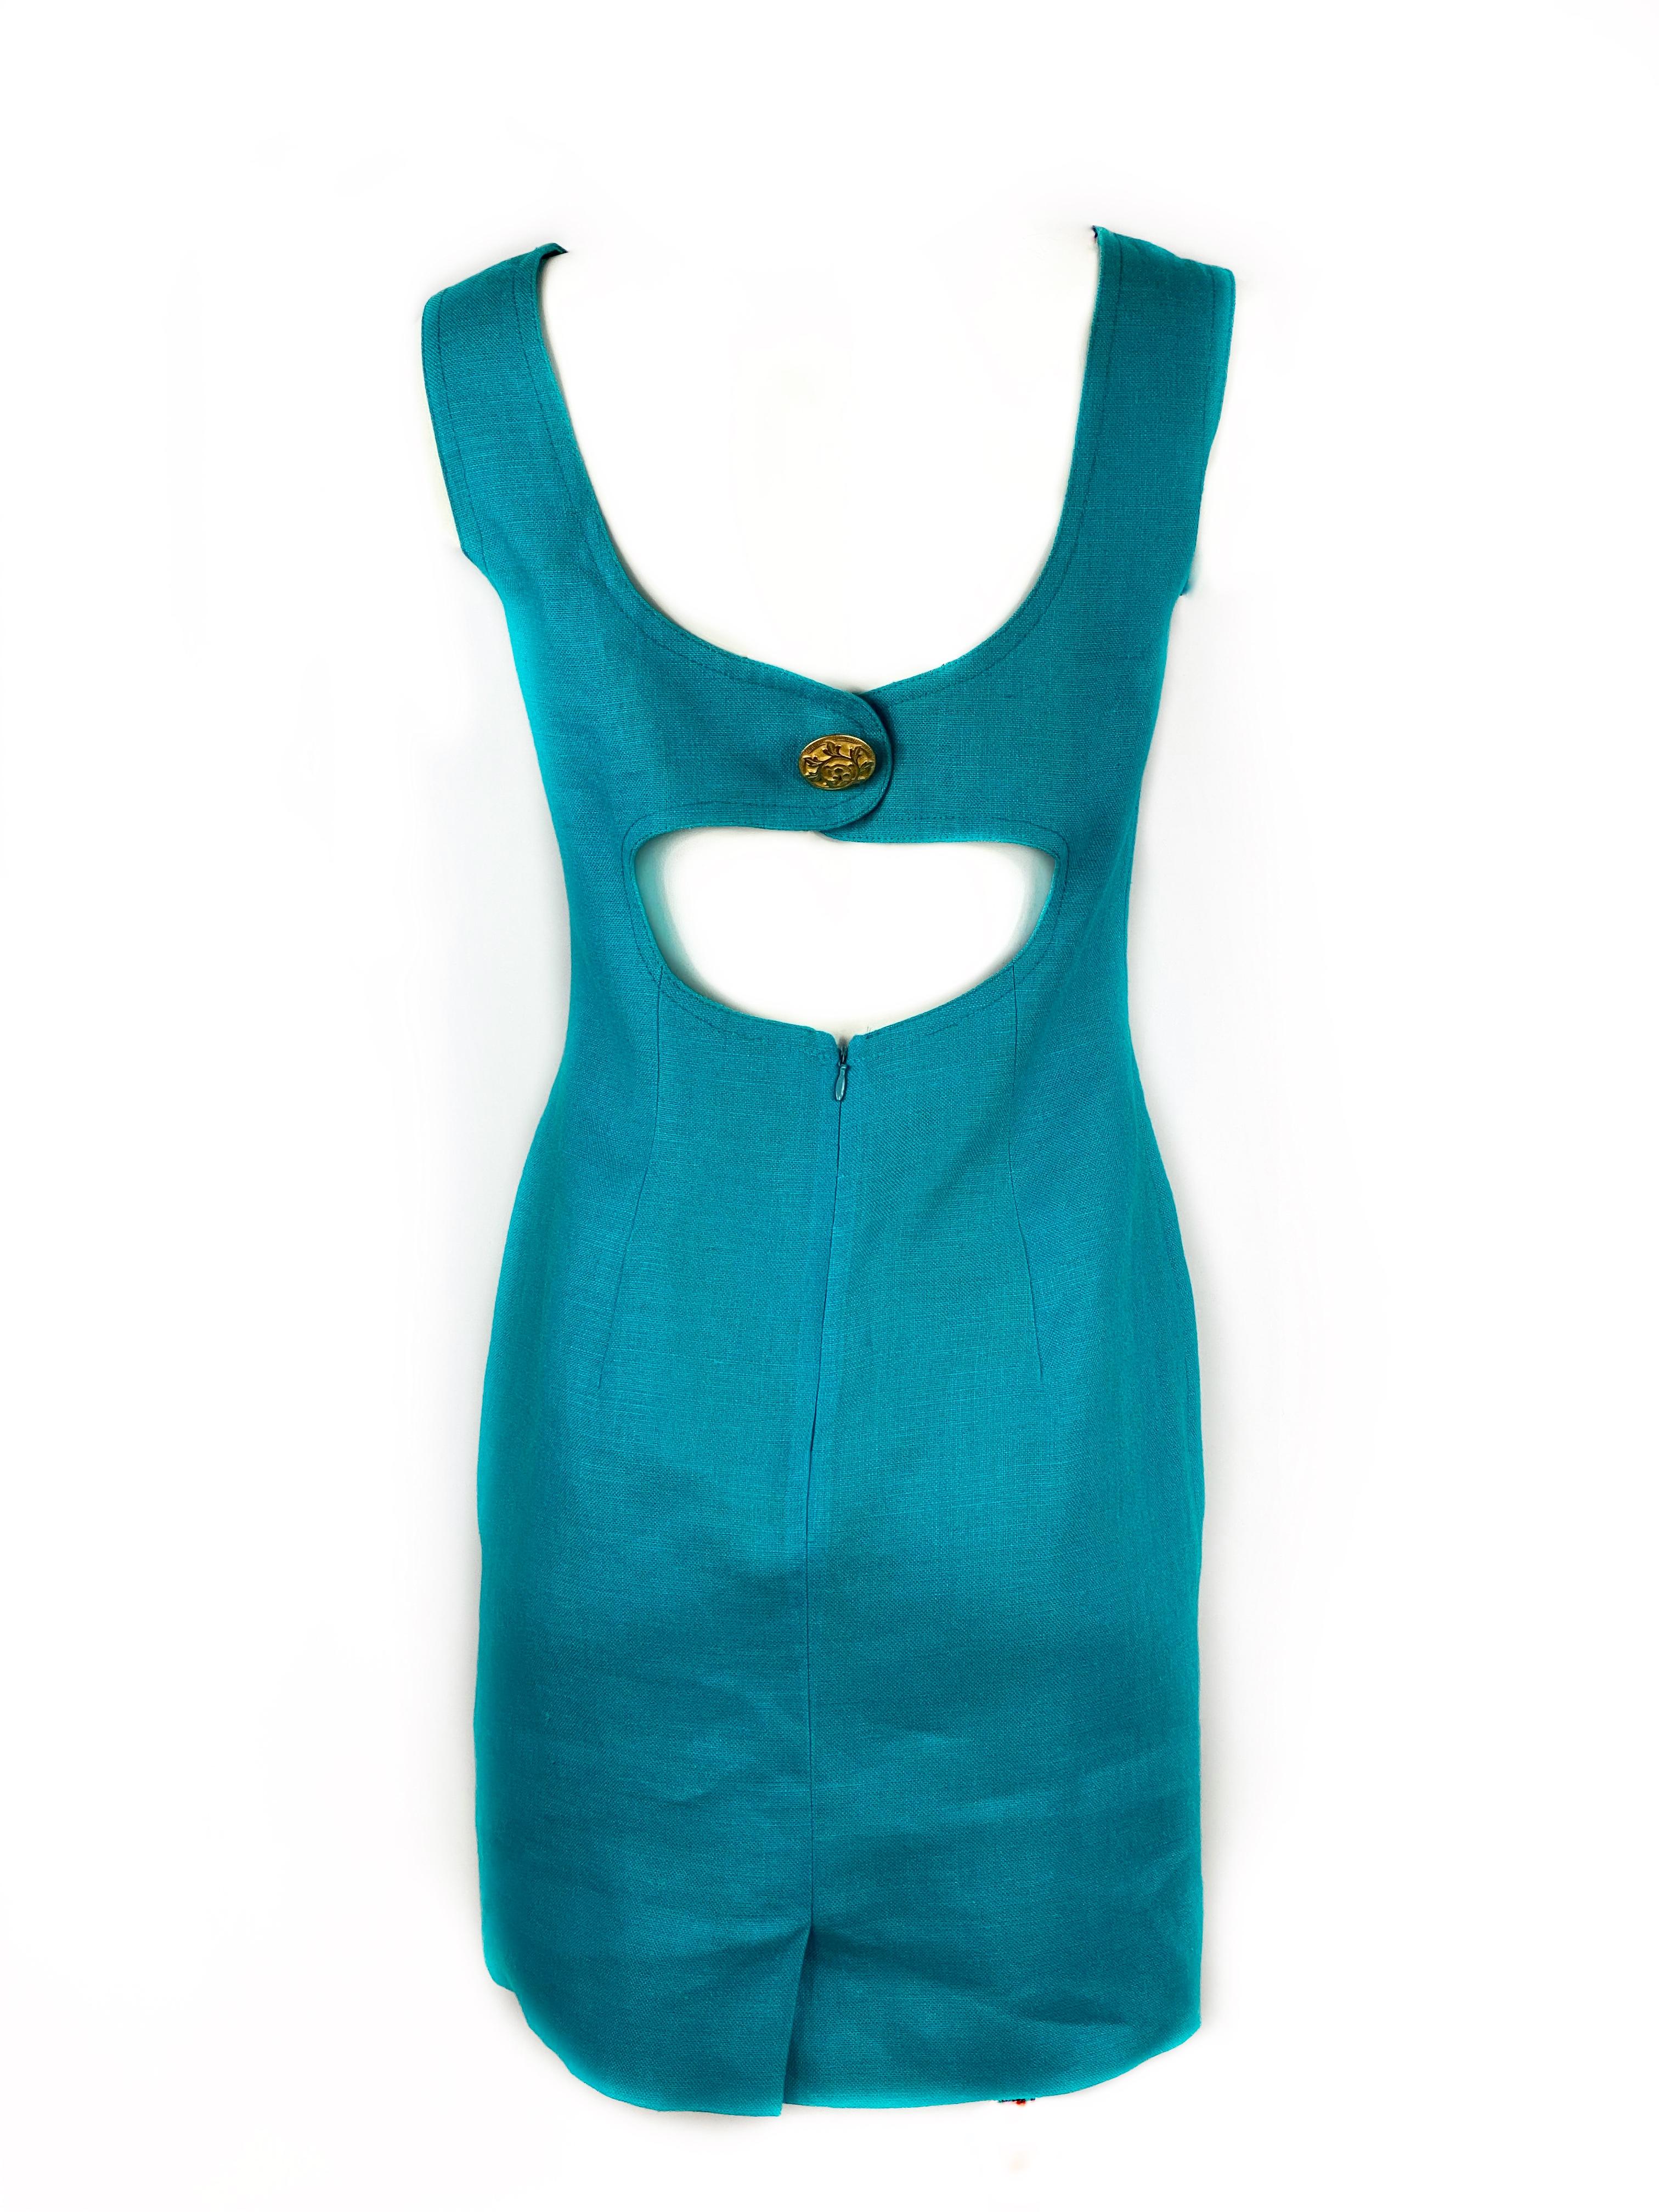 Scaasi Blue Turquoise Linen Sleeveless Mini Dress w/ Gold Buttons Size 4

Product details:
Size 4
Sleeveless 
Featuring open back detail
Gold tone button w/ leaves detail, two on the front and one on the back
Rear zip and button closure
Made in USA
# # #
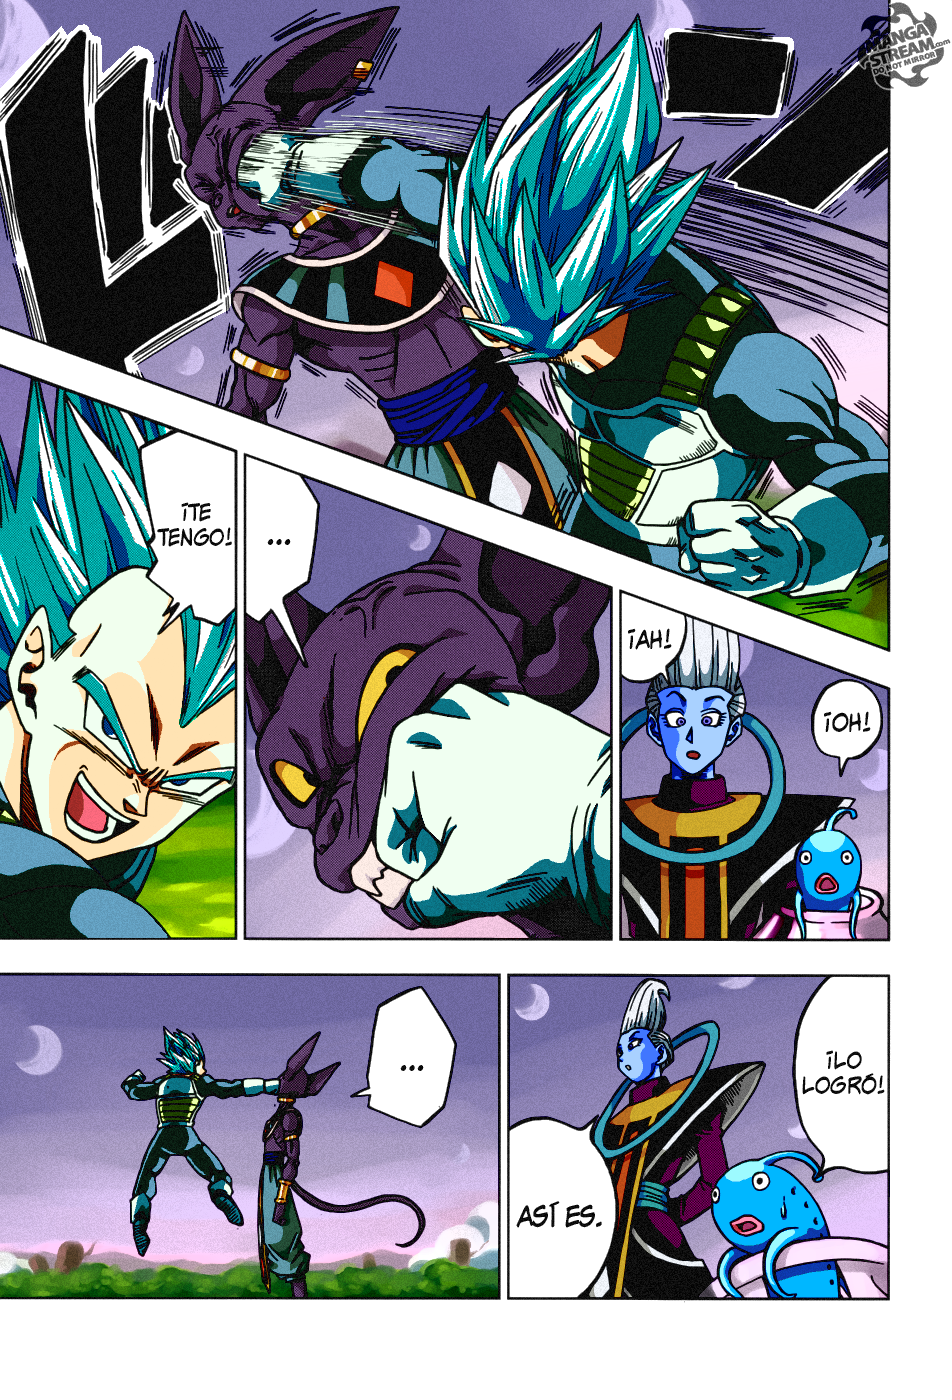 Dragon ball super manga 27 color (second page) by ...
# # #
**Task prompt**
Retype exactly, and only, the lines above from the one where "Featuring open back detail" occurs up to and including the one where "Made in USA" occurs.

**Solution to this problem**
Featuring open back detail
Gold tone button w/ leaves detail, two on the front and one on the back
Rear zip and button closure
Made in USA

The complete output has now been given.